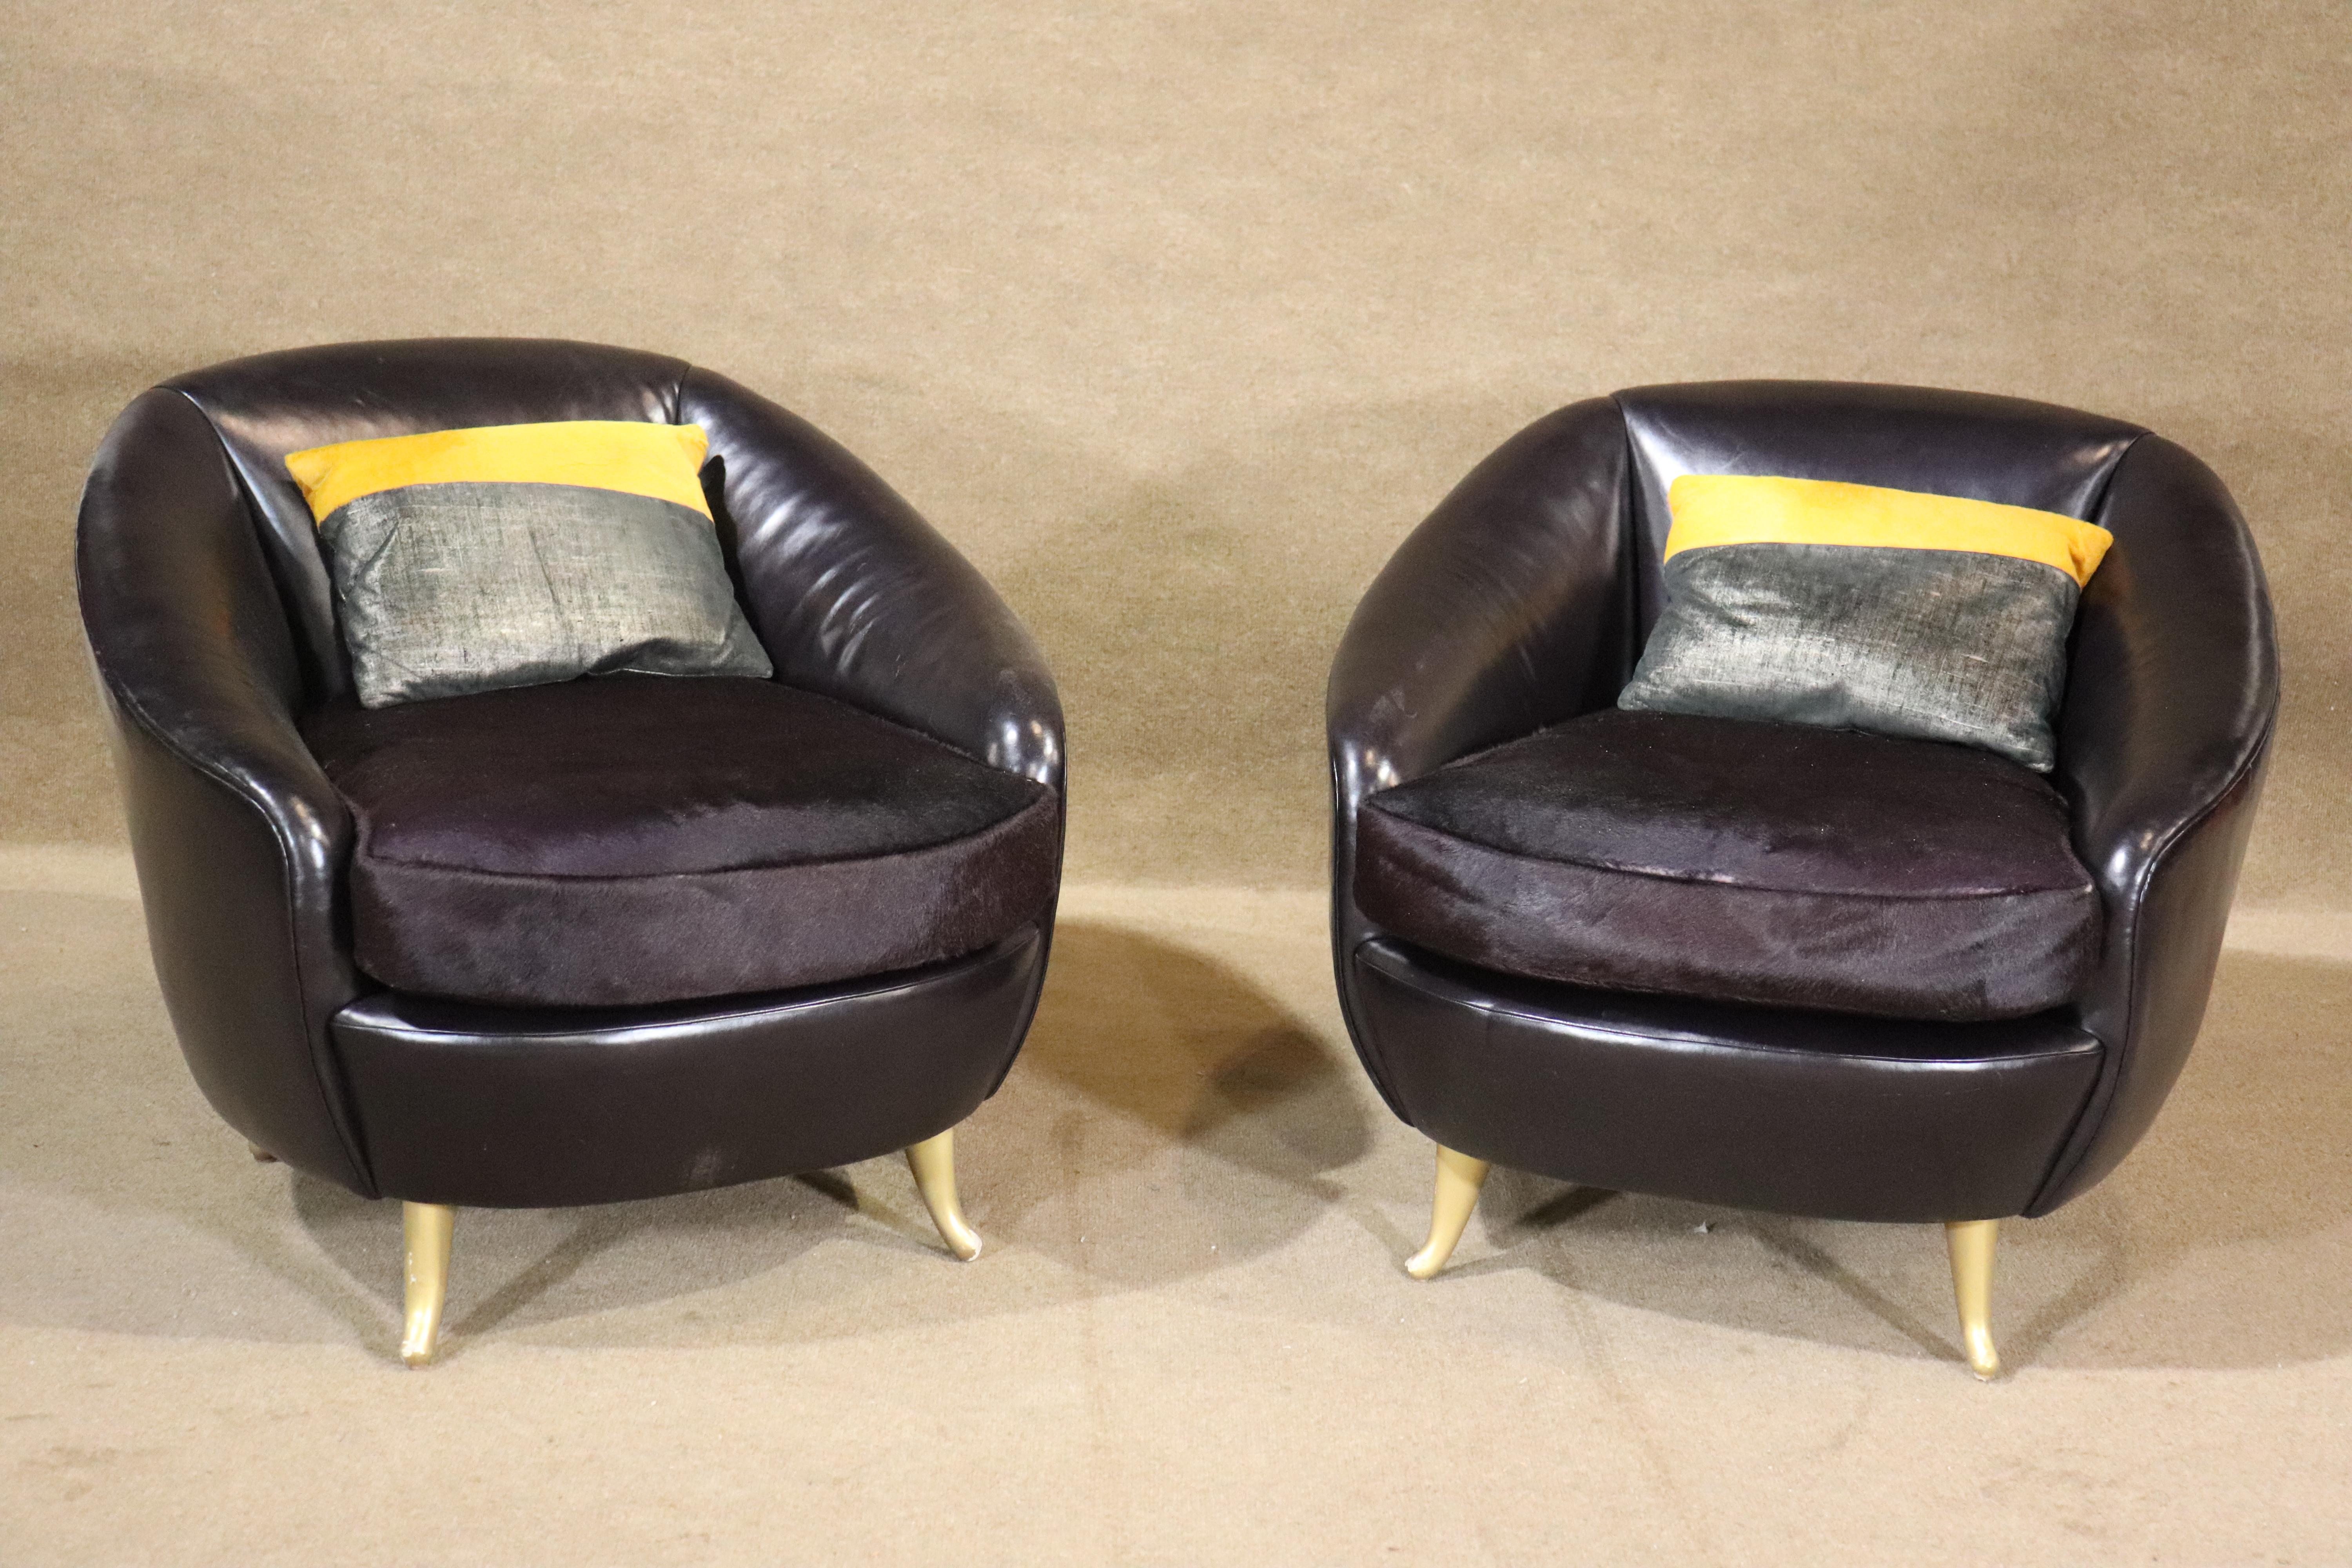 Pair of mid-century style tub chairs in leather and hide. Accented with low brass legs. Round barrel back shape frame in leather with matching color hide seats. 
Please confirm location NY or NJ
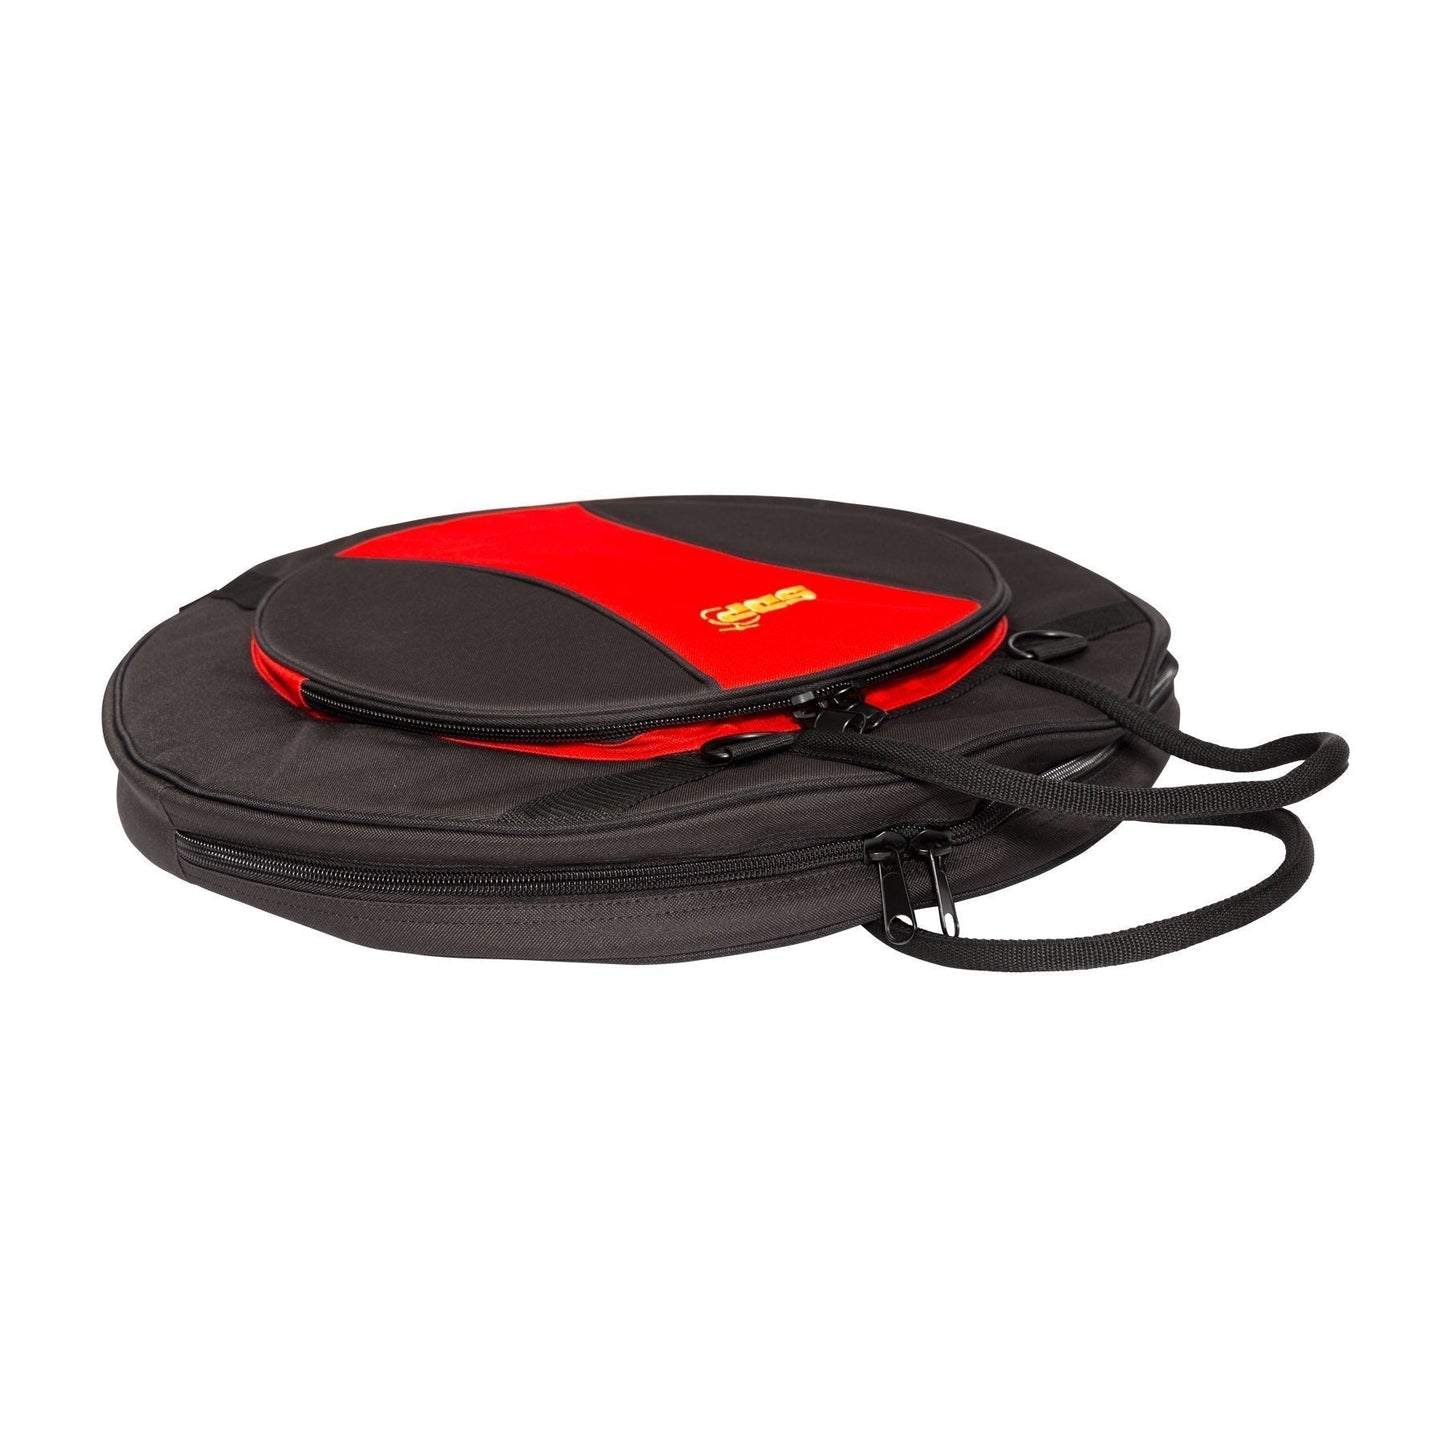 Load image into Gallery viewer, Sonic Drive Deluxe Cymbal Bag (Black with Red)
- - - -
- _Assignment_
What this calls for is a word-for-word copy of the listing above, pictures excluded.

- _Written solution_
 Pair of mid-century style tub chairs in leather and hide. Accented with low brass legs. Round barrel back shape frame in leather with matching color hide seats. 
Please confirm location NY or NJ
 Load image into Gallery viewer, Sonic Drive Deluxe Cymbal Bag (Black with Red)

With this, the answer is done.